Rapkin, who wrote and directed The Anne Frank Gift Shop as well as wrote the book that inspired the film series Pitch Perfect, says the project grew out of a sense of real concern. “A landmark 2020 study – the US Millennial Holocaust Knowledge and Awareness Survey interviewing adults aged 18-39, also known as Millennials and Gen Z, across 50 states in the US, and later on, other parts of the world as well – by the Conference on Jewish Material Claims Against Germany revealed that a majority of young Americans did not know basic facts about the Holocaust,” he says. “Two-thirds of those surveyed could not tell you that six million Jews were murdered; 11% somehow believe Jews ‘caused’ it.”
“How was that message getting lost?” Rapkin wondered. “This isn’t ancient history. If Anne Frank were alive today, she’d be three years younger than Mel Brooks. And he’s still working as a comedian. Anne Frank could have watched The Wizard of Oz on her 11th birthday. And we’re still watching that movie and talking about her ruby slippers.”
Jane Sinisi, the granddaughter of Holocaust survivors, produced The Anne Frank Gift Shop along with Reboot Studios. “She was the first person to tell me it was okay to put an escape-room joke in a movie about Anne Frank,” Rapkin says. “How else do we process horror? She understood that this film aims to meet Gen Z where they live, disarming them with a comedic language they speak before hitting them with the project’s essential appeal.”
Just as you’d expect of a real meeting at a creative agency, wild suggestions fly – like Anne Frank or her cat, Moortje, having accounts on TikTok (the Auschwitz Memorial and Museum, it should be noted, does have accounts on various social media channels) or selling books at the gift shop about other feminist “icons” such as Katniss Everdeen. All jokes aside, The Anne Frank Gift Shop helps audiences have a better understanding of how difficult it is to revitalise history.
“Anne Frank is a feminist icon. She was also a real person. She was a young girl who was forced to hide in an attic for two years because she was Jewish. And she died at Bergen-Belsen in 1945. She was 15,” Rapkin says. “But I think humour shakes things up for viewers. What we’re trying to do is get young people to pay attention.”
Anne Frank and The Anne Frank Gift Shop are comparable in a way that they serve as a baby step into a bigger world and perhaps an easier way to learn about a difficult period of history.
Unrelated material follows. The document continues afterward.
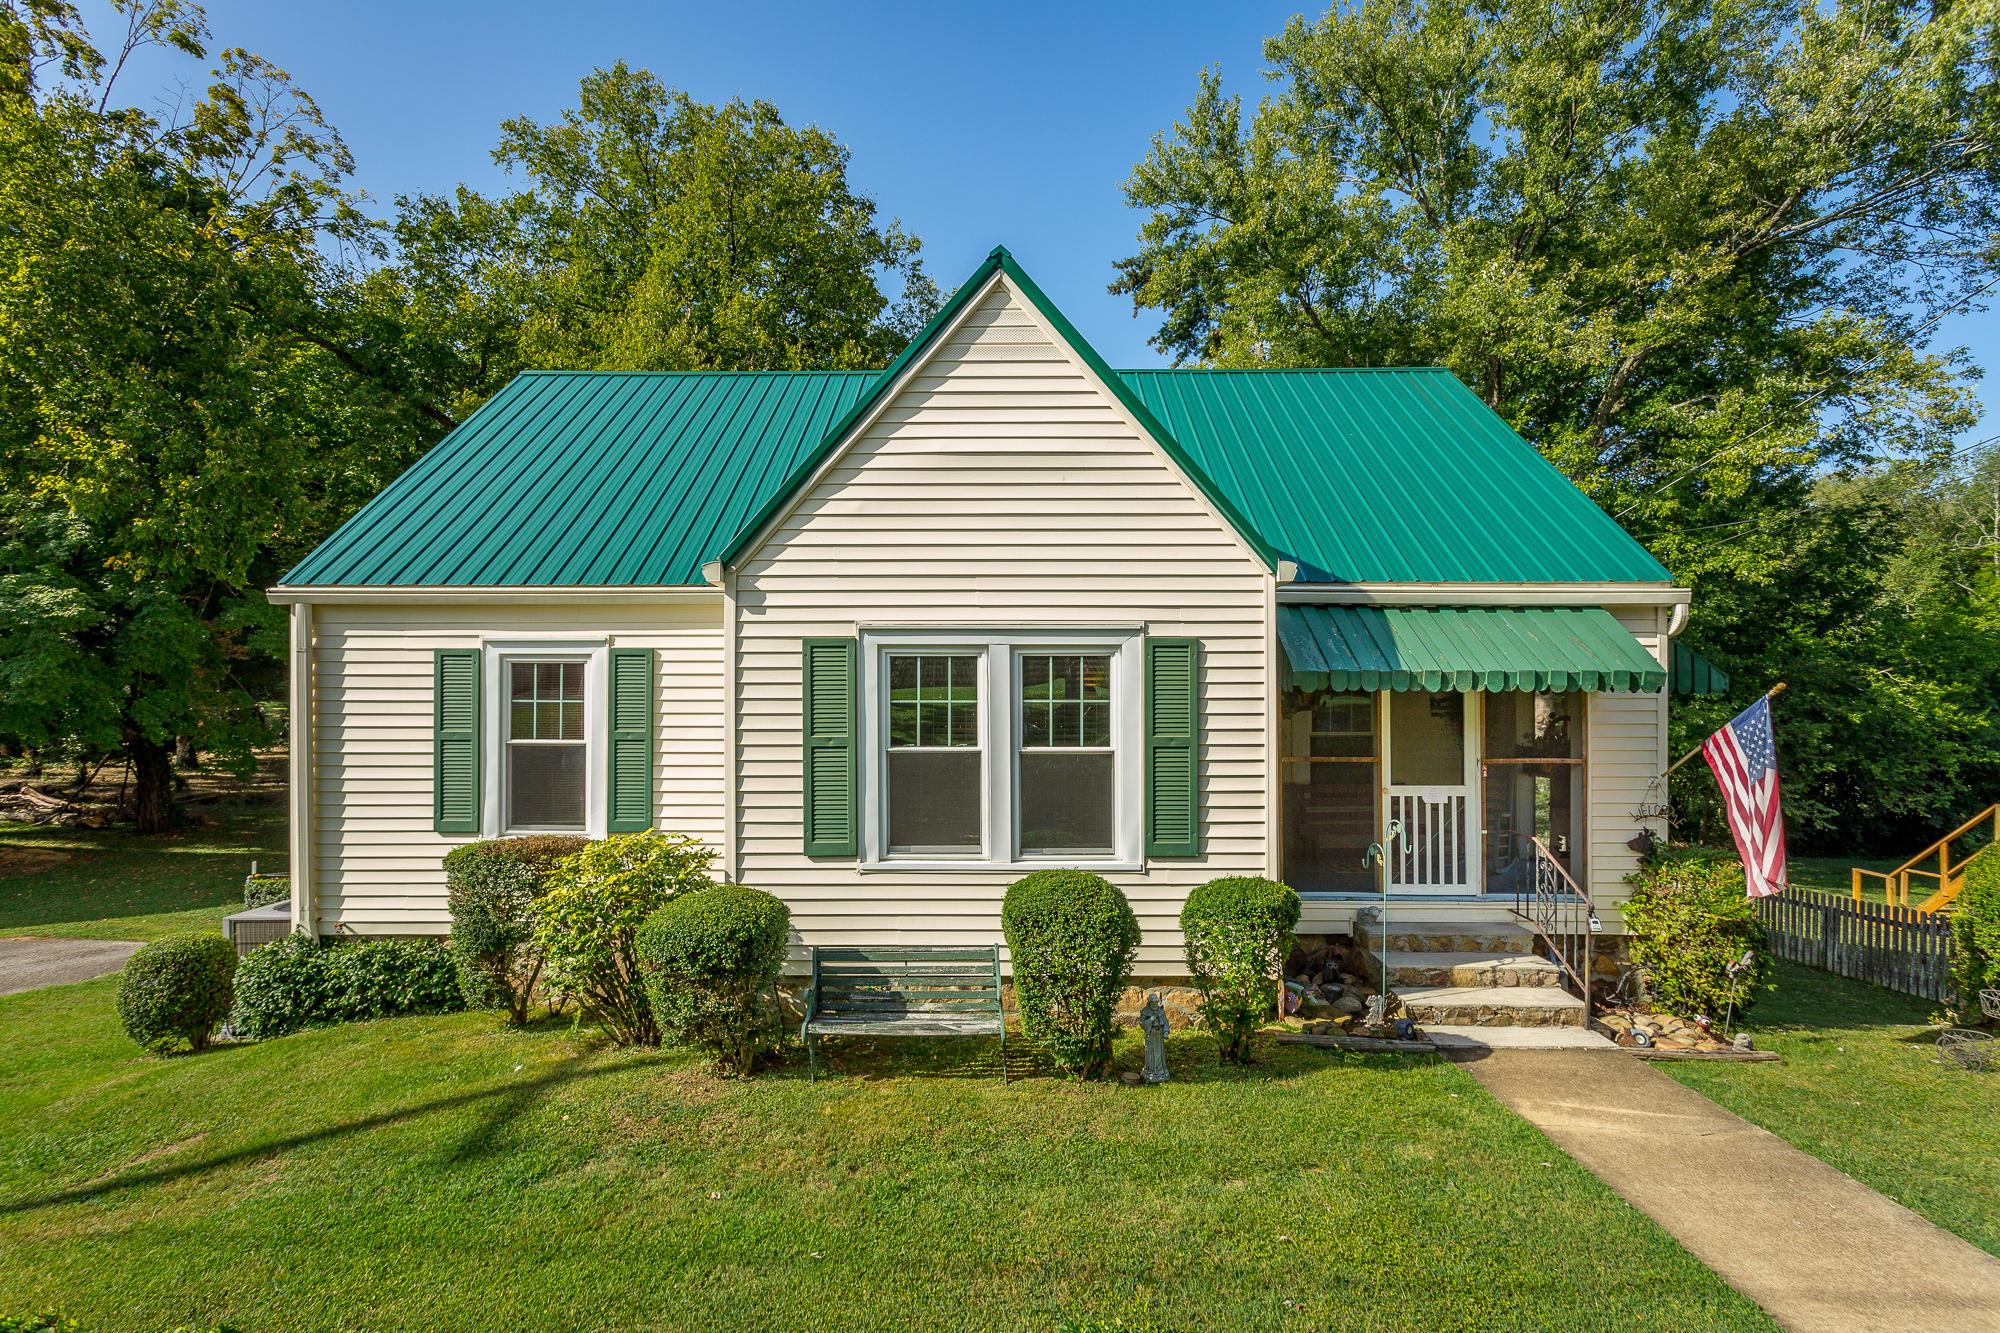 210 Baxter St, Chattanooga, TN 37415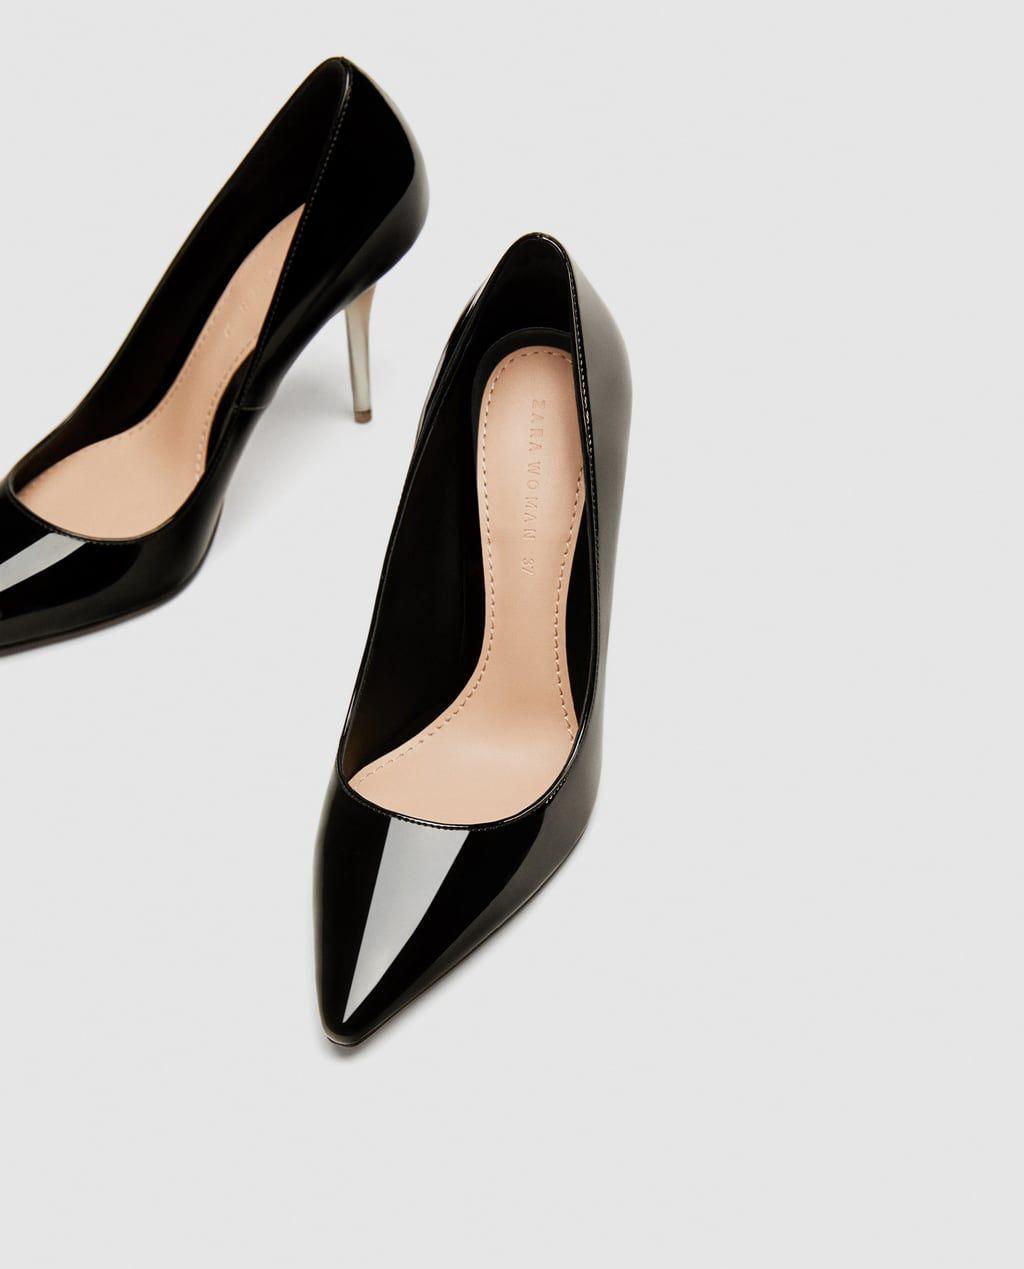 539610011 ZARA - WOMAN - HIGH HEEL COURT SHOES WITH METHACRYLATE HEELS Sapatos,  Pumps, Saltos

As mentioned in the film, Anne Frank is essentially a brand and The Diary of a Young Girl is the best-selling book of all time behind the Bible. Even the Holocaust is a brand, Rapkin points out. “It wasn’t even called the Holocaust until the 1960s. And even then, the name wasn’t really popularised until a miniseries called Holocaust.
“I don’t think we’re commercialising history. Anne Frank is historically a way for young people to talk about the Holocaust, because they identify with her. But as we say in the film, she is just one of six million Jews murdered in the Holocaust. If you knew the story of every Anne Frank, your head would explode.”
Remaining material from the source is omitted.